Unlike zopfli, brotli doesn't overwrite its input file, so the above command will produce an index.html.br file by default. For good measure I added -Z to always use max compression, and -f to force overwriting of any existing files. This is useful because I statically generate this site from a set of Markdown files, and I'd rather not have to delete the existing output directory every time just to keep Brotli happy.

Do it in parallel, again§

fd -e html -e xml -e css -e js -e svg -e txt -e json --exec brotli -Z -f {} \; . public/

Same style of fd command as above...

Results§

For just a quick comparison, I compressed the home page of this blog with Zopfli and Brotli.

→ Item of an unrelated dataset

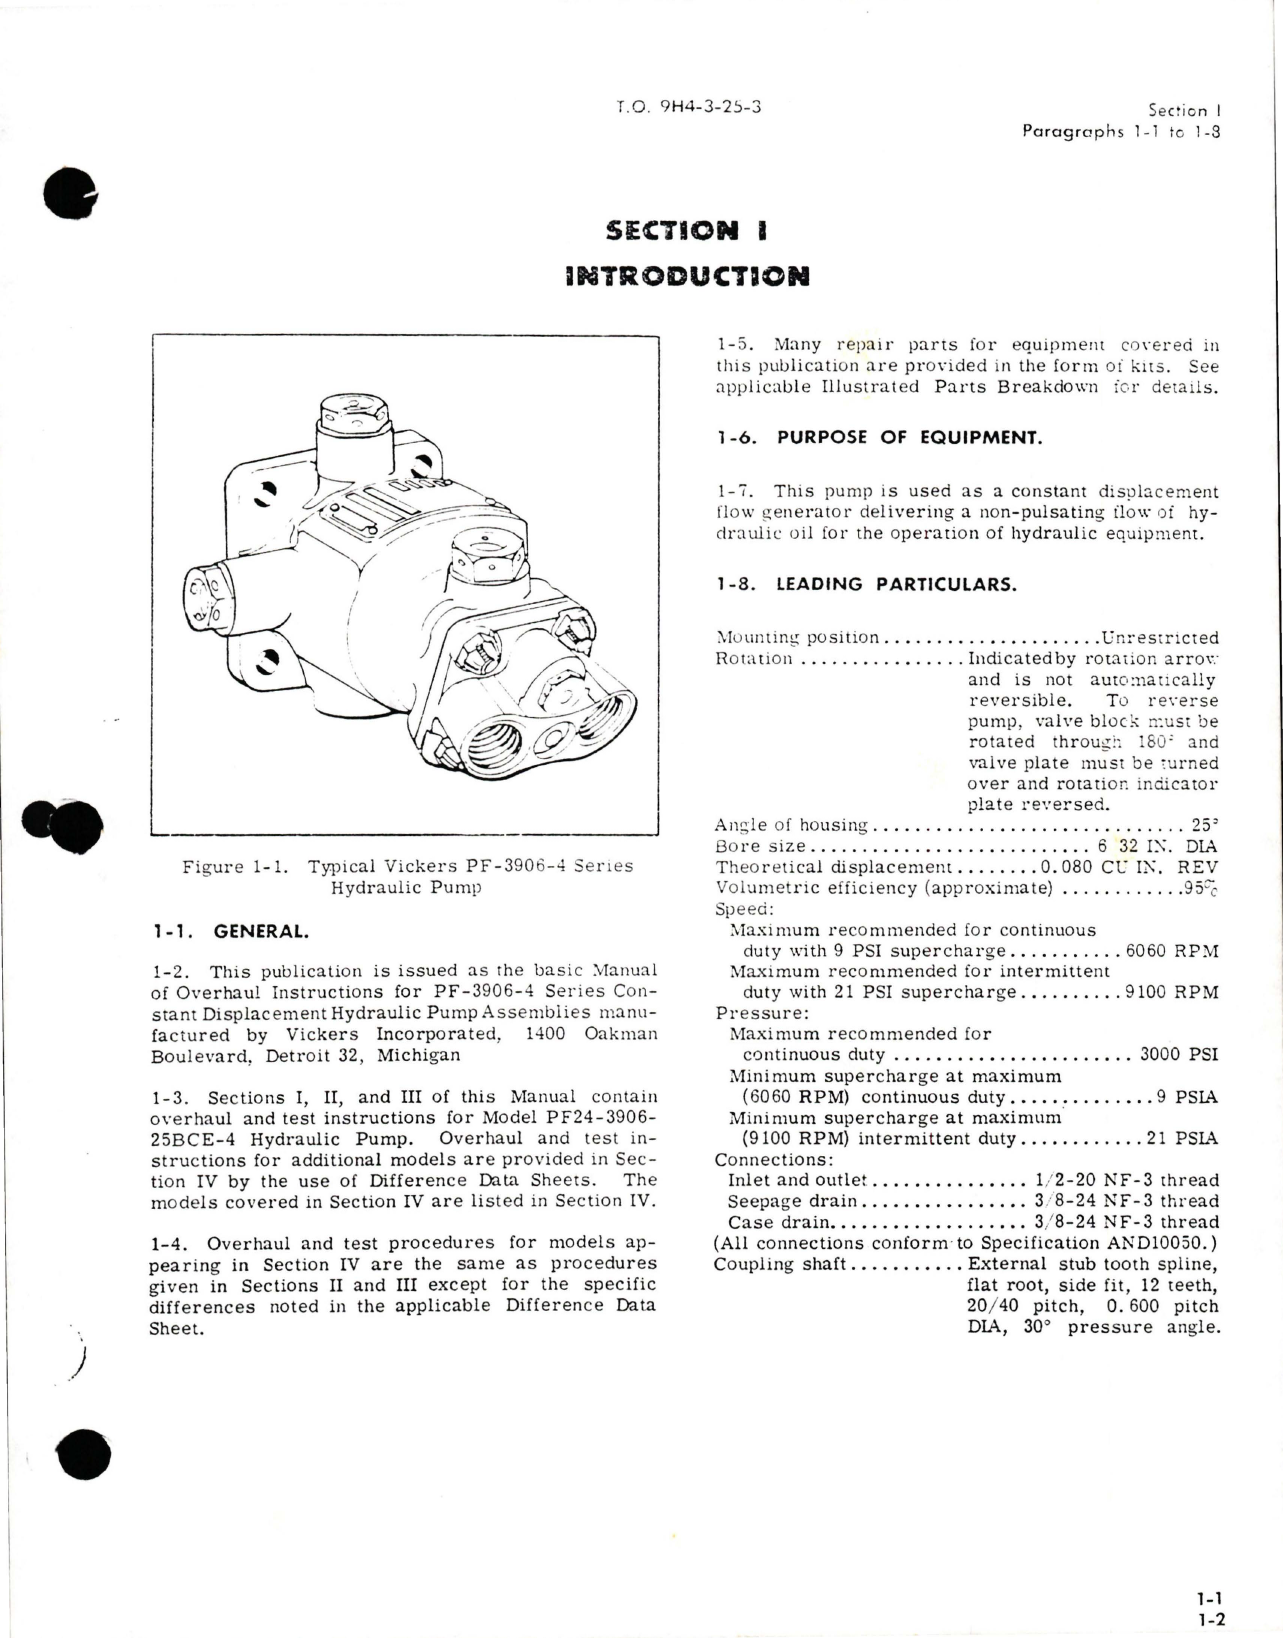 Sample page 5 from AirCorps Library document: Overhaul for Hydraulic Pump Assembly - PF-3906-4 Series

Here's the number of bytes in four forms: uncompressed, compressed with Brotli, and compressed with Zopfli, and compressed with standard gzip using gzip -9 for maximum compression:

17,817 index.html
2,607  index.html.br (85.37% improvement over uncompressed)
3,308  index.html.gz (81.43% improvement over uncompressed) (zopfli)
3,404  index.html.gzip (80.89% improvement over uncompressed) (gzip -9)

As you can see, compression in general results in significant savings. Brotli unsurprisingly takes the cake, followed by Zopfli and standard gzip as dead last.

That said, the improvement of Zopfli over standard gzip is marginal in this case, but when applied to all text assets across the entire website, you can shave a few percentage points off your web traffic.

Conclusion§

So yeah, you're likely reading this via a Brotli-compressed HTML page, or maybe even a Zopfli-compressed HTML page.

In addition to the total lack of Javascript, trackers, and any other 3rd party requests, you can enjoy a lighting fast "plain text" experience on this website.

Cheers!